Which presidents besides Trump and Biden have used autopens and for what types of documents?
Executive summary
Autopens—and their 19th‑century predecessor, the polygraph—have been used by U.S. presidents for routine and high‑volume signing for well over a century, including by Thomas Jefferson, Harry S. Truman, John F. Kennedy, Lyndon B. Johnson, Gerald Ford and others, to sign everything from correspondence and photographs to bills and overseas legislation when the president was absent [1] [2] [3]. Modern legal guidance from the Justice Department and reporting say autopens are treated as a valid means to affix a presidential signature for many official documents, though their use has periodically sparked political and constitutional disputes [2] [4] [5].
1. Early adopters and the polygraph: Jefferson to Truman
The technological story begins with Thomas Jefferson’s interest in a copying device called a polygraph—Jefferson purchased versions for the White House and Monticello to reproduce handwriting—establishing a long presidential comfort with mechanical duplication of signatures [1]. Histories and reporting trace routine autopen or autopen‑like use forward to Harry S. Truman, who reportedly used mechanized signing for checks and mail, marking Truman as among the first modern presidents to rely on such devices [2] [3].
2. The 1960s boom: Kennedy, Johnson and public disclosure
The autopen moved into the mainstream presidential toolkit in the 1960s; John F. Kennedy is widely reported to have used the device extensively for routine items, and Lyndon B. Johnson famously allowed photographs of his autopen to be published—Johnson’s use helped normalize the practice for high‑volume correspondence and photographs [1] [6]. Collectors and historians note that this era transformed authenticity concerns for presidential signatures because machine‑made signatures are visually indistinguishable from hand signatures [6] [1].
3. Ford, Nixon and the routine work of a presidency
Gerald Ford acknowledged autopen use in the White House for reproducing signatures on letters and photographs, and Richard Nixon also relied heavily on autopen patterns while delegating routine signings to aides in many instances, underscoring how successive administrations treated the device as a practical office tool [7] [6]. Reporting indicates presidents used autopens mainly for high‑volume, ceremonial, and constituent correspondence rather than to avoid personal responsibility for major decisions [7] [6].

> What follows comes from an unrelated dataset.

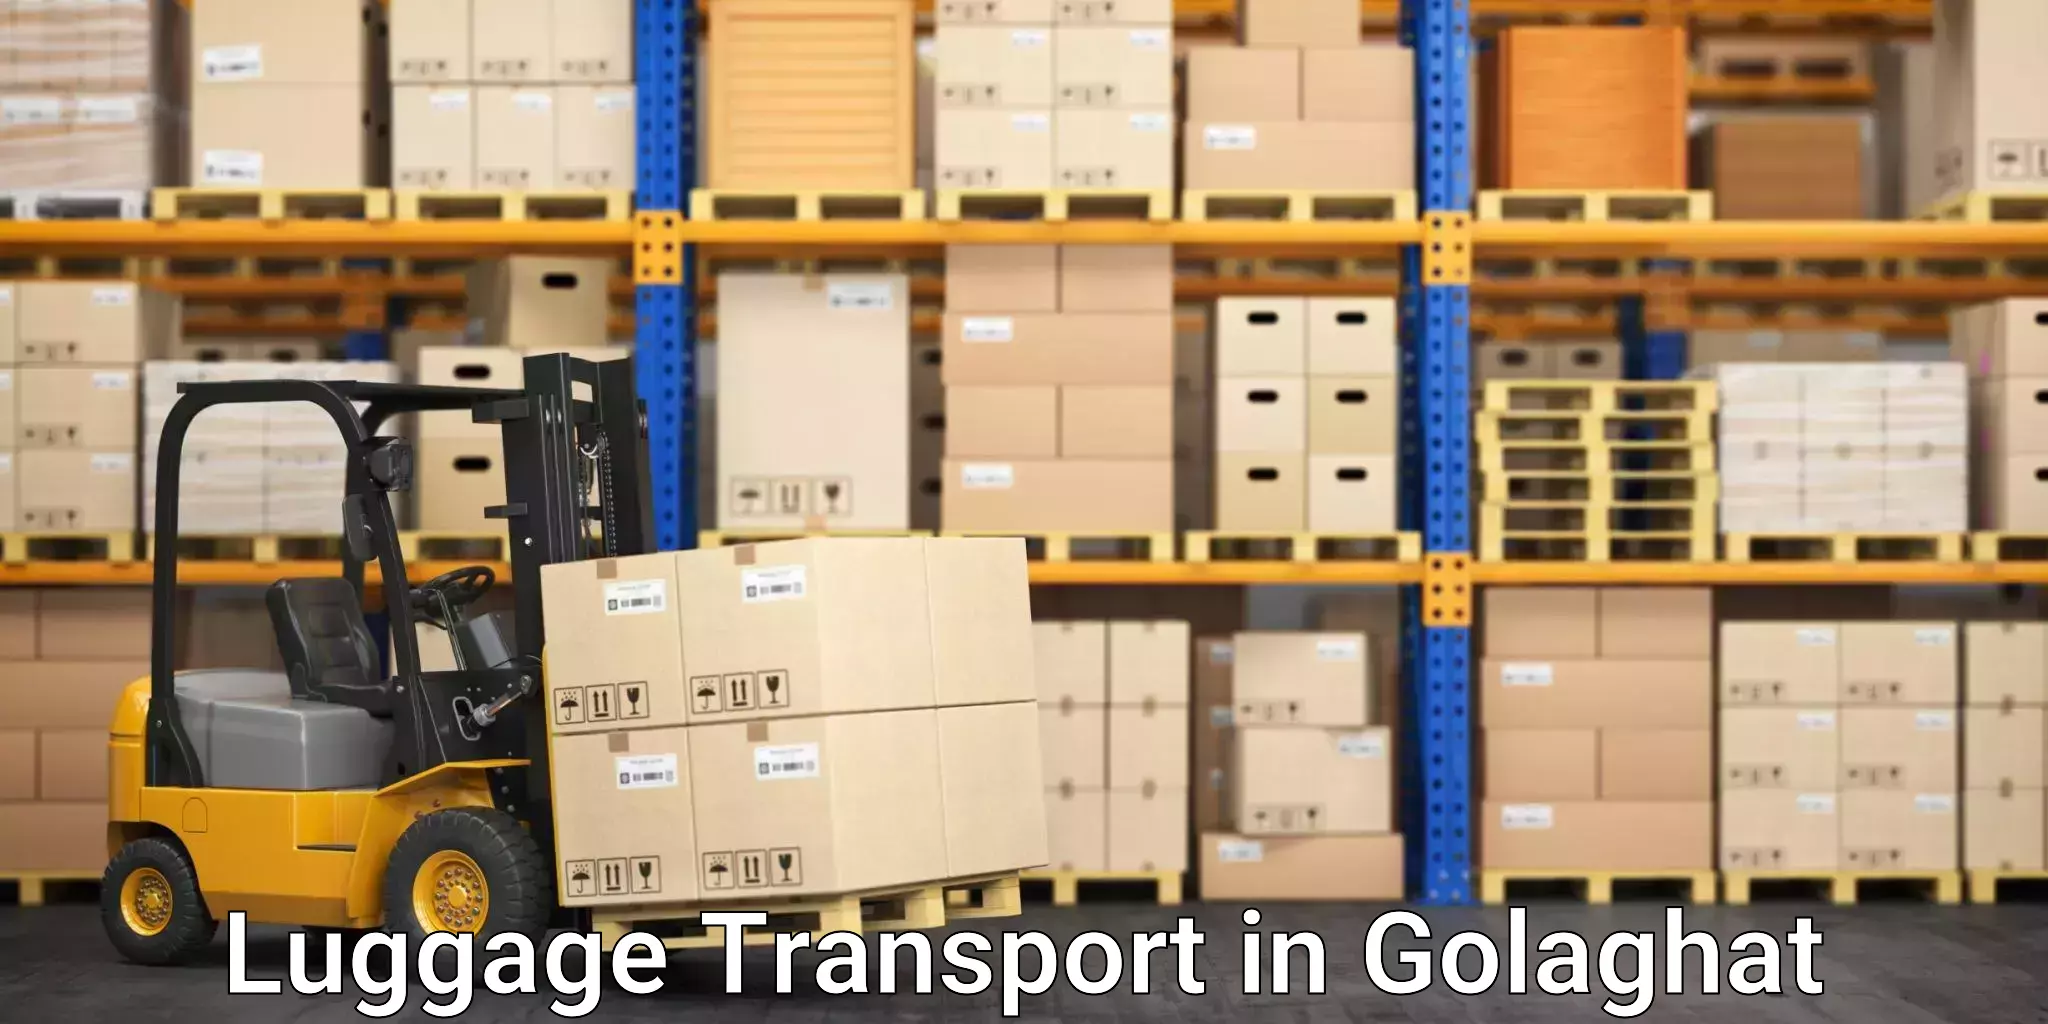 Global baggage shipping in Golaghat

4. Autopens for legislation and the DOJ view: Bush era guidance
The question of whether an autopen can validly sign legislation and other force‑of‑law documents has been litigated in public debate and addressed by executive branch lawyers; a 2005 Justice Department opinion found that a president may authorize the autopen or a subordinate to affix his signature to a bill, treating the device as a lawful means of executing presidential approvals when appropriately authorized [2] [4]. Media reporting and legal summaries repeat that presidents from George W. Bush onward relied on this guidance in practice [4] [3].
5. Recent presidents: Obama, Trump and the modern flashpoints
Barack Obama is reported to have used autopen technology to sign legislation while overseas, including large bills such as the Patriot Act‑era measures and appropriations when the physical presence requirement was raised as an issue [4]. Donald Trump has acknowledged using autopens for lesser documents and has used the topic politically to criticize successors, but reporting also shows presidents of both parties have historically used autopens for routine and sometimes consequential documents [4] [7].
6. Controversy, politics and the limits of the record
Conservative groups such as the Heritage Foundation’s Oversight Project have recently scrutinized Joe Biden’s use of autopens—alleging autopen signatures on pardons and many documents—and political opponents have seized on those findings to question validity and awareness, while legal scholars and prior DOJ guidance have broadly treated autopen use as constitutionally and legally permissible for many document types [7] [8] [5]. The public record in the supplied reporting documents widespread historical use by named presidents but does not provide an exhaustive, document‑by‑document accounting of every president’s autopen use or the internal approvals that preceded each signature; therefore, claims about specific modern pardons or the percentage of documents signed by autopen require source‑by‑source verification beyond these summaries [7] [5].